Ultimately, this movie suffers from del Toro not being in the director’s chair and passing it off to a first and ultimately one time director. In the Q&A mentioned earlier, del Toro explains that he did not direct the film because he had already made Pan’s Labyrinth and explains that the two movies have too many similarities. He mostly wanted to focus on the production of the film. His fingerprints are all throughout the movie, in the creature and set designs, the house in particular is incredibly ornate and creepy. Del Toro cites the 19th century illustrator Arthur Rackham as an inspiration for Blackwood’s style of paintings, and Arthur Machen as an inspiration for the gothic fairytale elements. Machen was a gothic horror and fantasy writer, he had a penchant for writing about creatures, their relationship to the land and the folk who keep the knowledge of them alive. In Machen’s short story, The White People, we follow a young girl who explores old ruins and interacts with the “The White People” who turn out to be fairies. The young girl interreacts with them and is warned against them by her nurse—a woman of the common folk who have deep knowledge of these fairies and what they’re capable of. It’s interesting that del Toro describes Don’t Be Afraid of the Dark as a Machenian story when it’s more like a haunted house story with creatures. Contrast this with Pan’s Labyrinth, which features a young girl protagonist interacting with the landscape which is home to many folk creatures and slowly becomes a part of her own fairy tale.

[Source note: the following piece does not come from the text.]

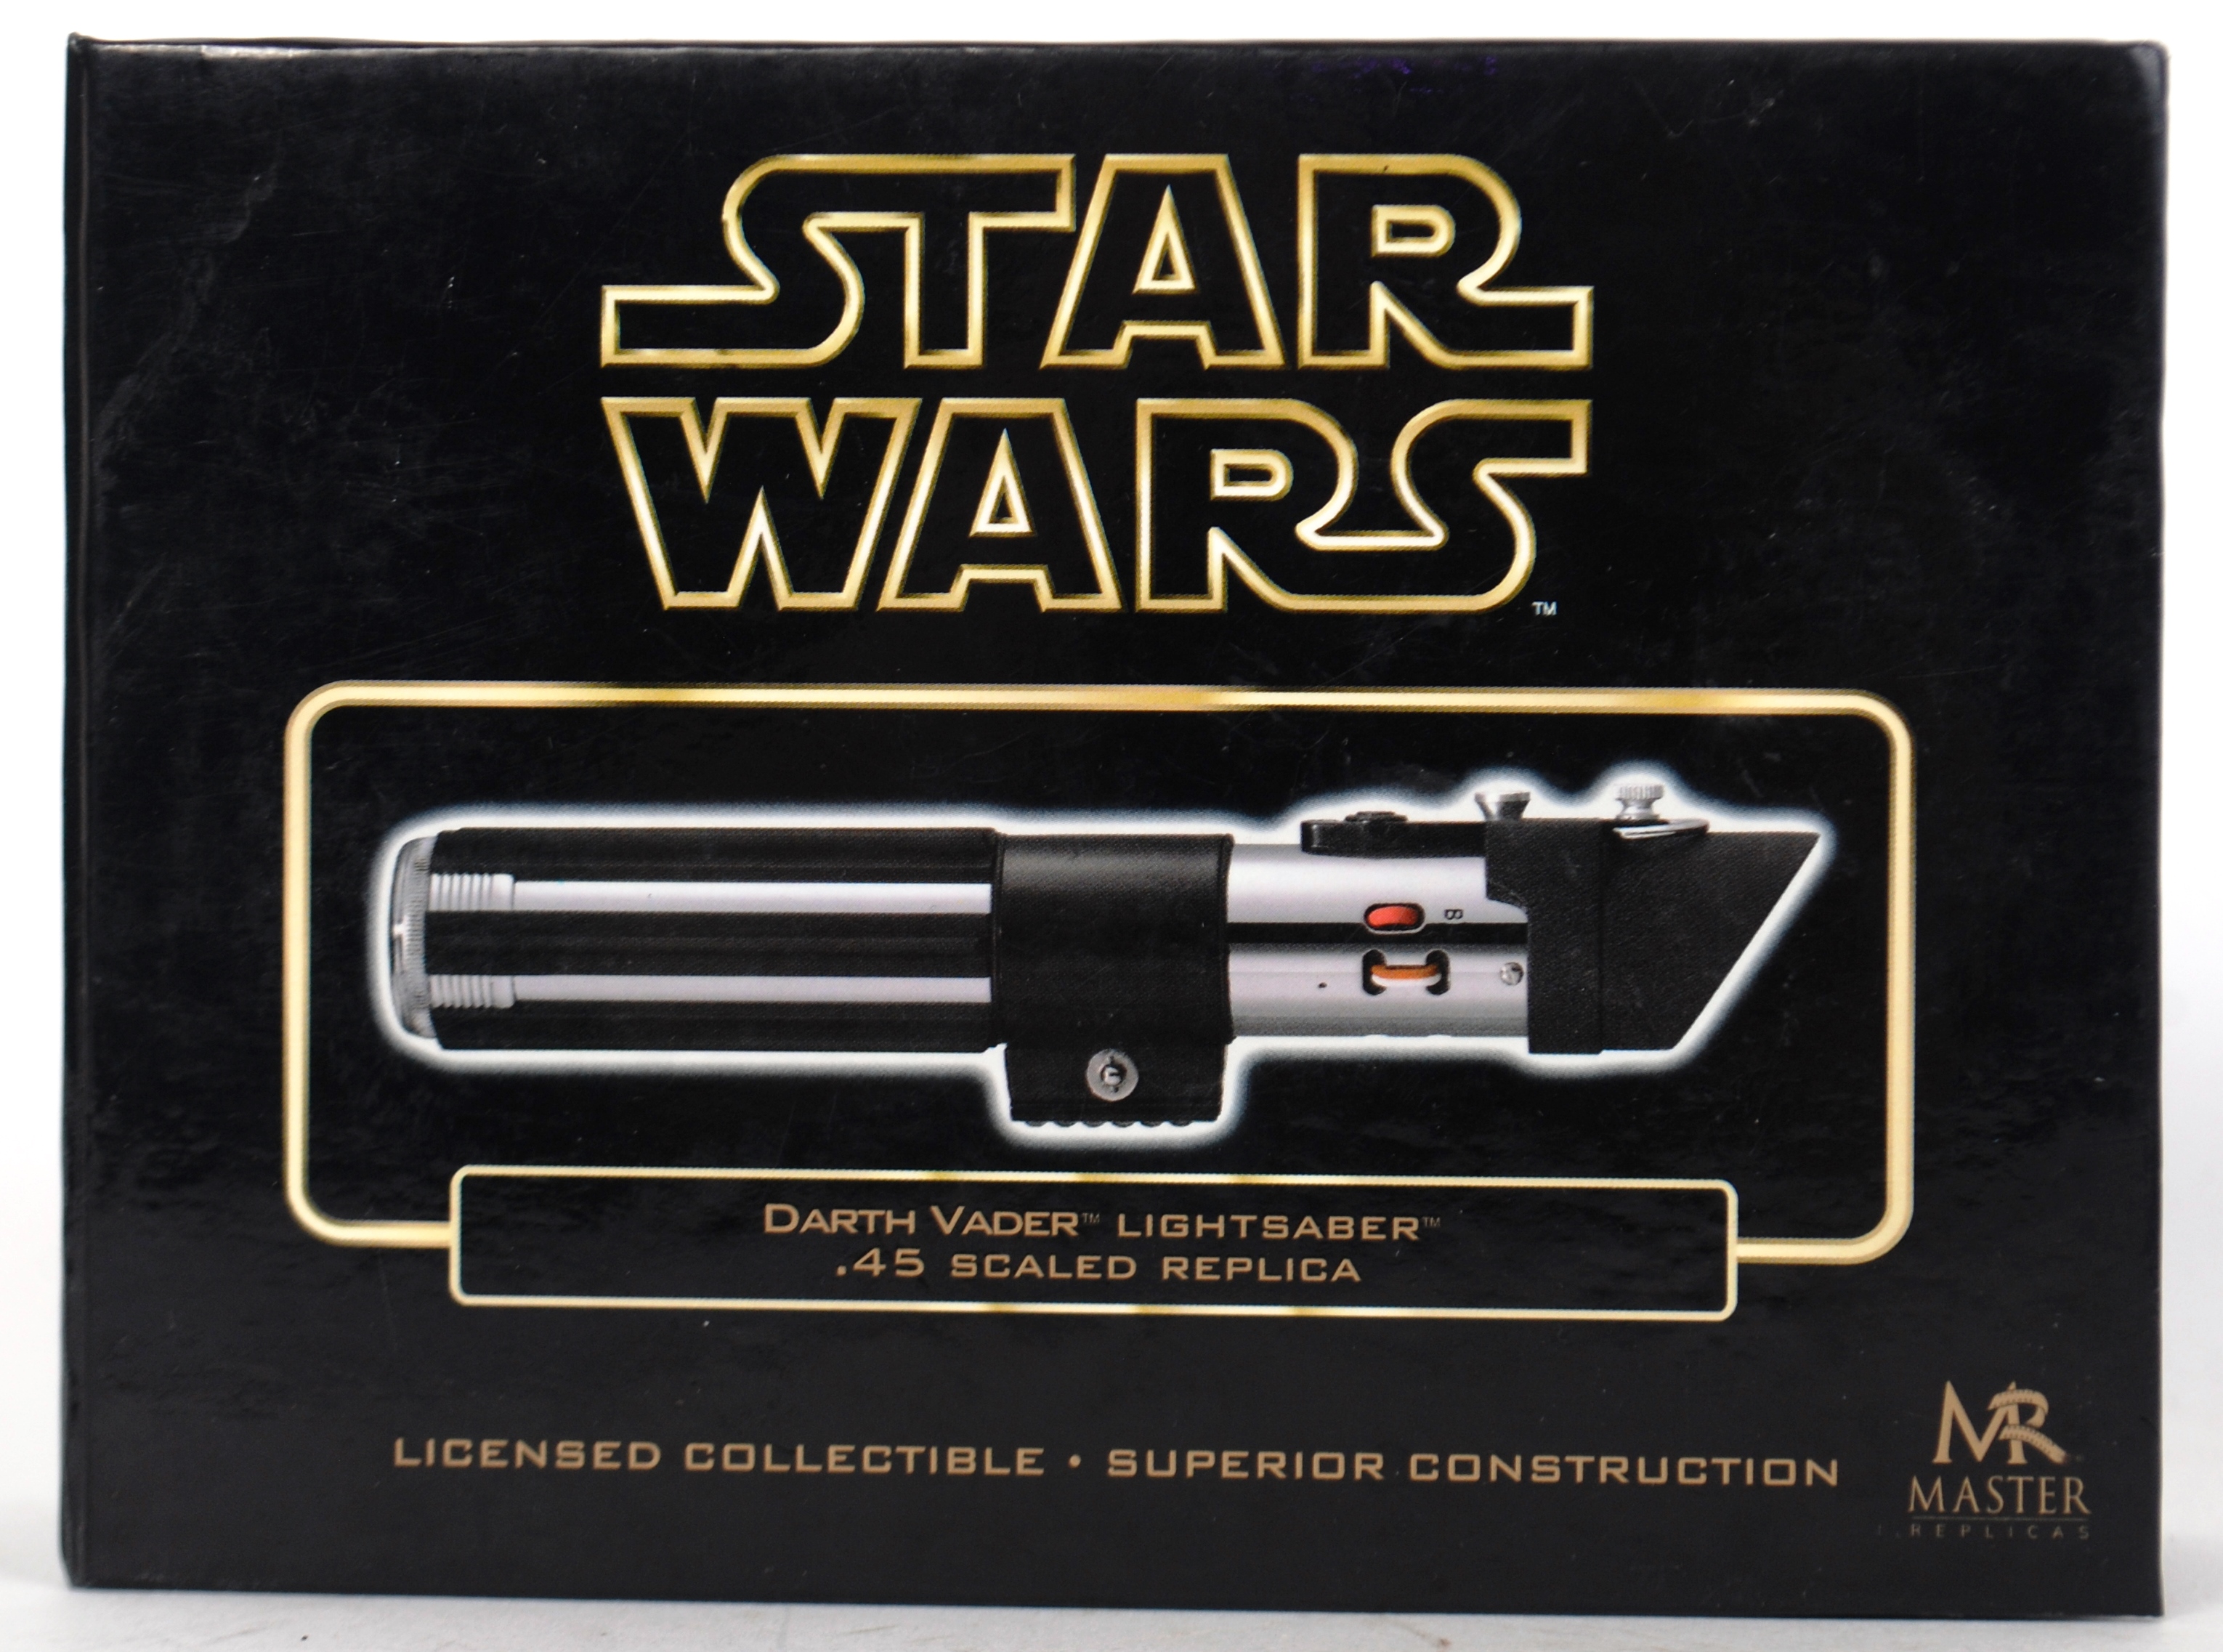 MASTER REPLICA LIGHTSABER: An original Star Wars .45 scale Master Replica Lightsaber.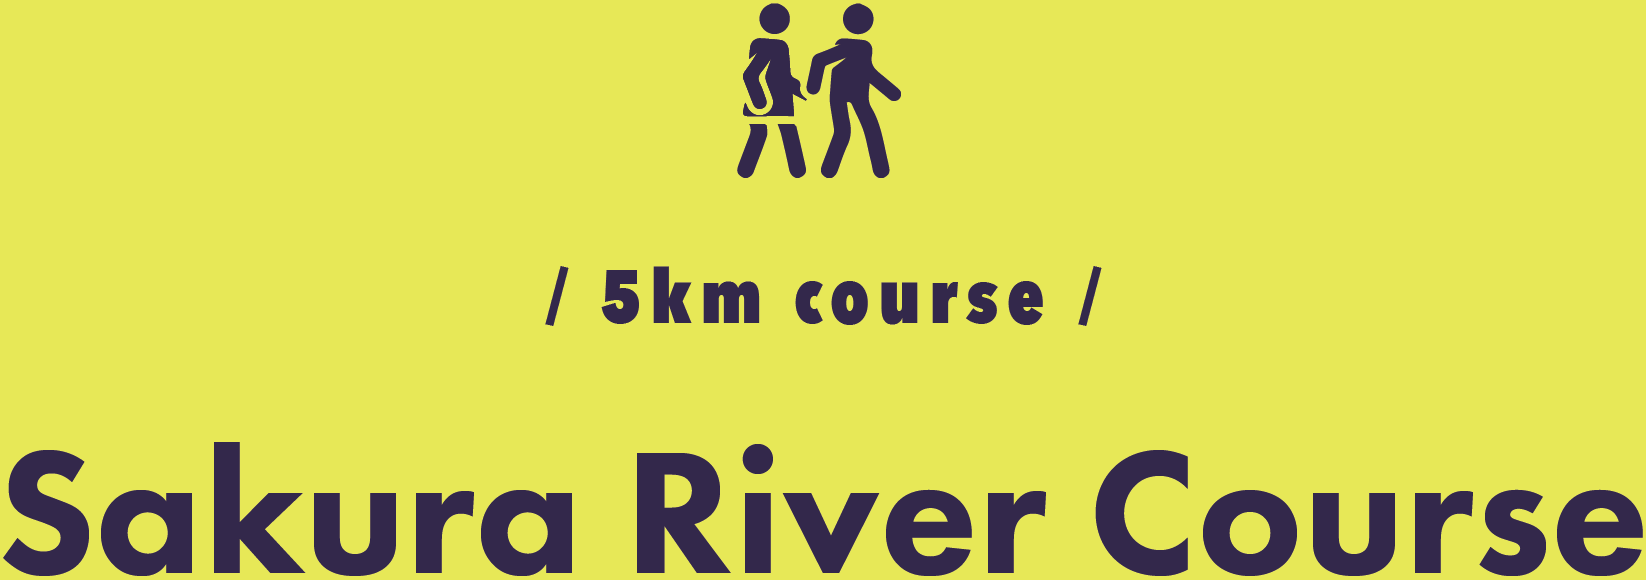 / 5km course / Sakura River Course

Guillermo del Toro was correct, everything in this movie that could make it better would end up making it almost identical to Pan’s Labyrinth. If there was more lore to the fairies beyond the five-minute exposition from the Librarian, the movie would move smoother than is currently. Alternatively, if there was less of the folk aspect, the movie would just be an effective creature feature. There’s just enough of the folk and gothic horror elements to leave the audience wanting more.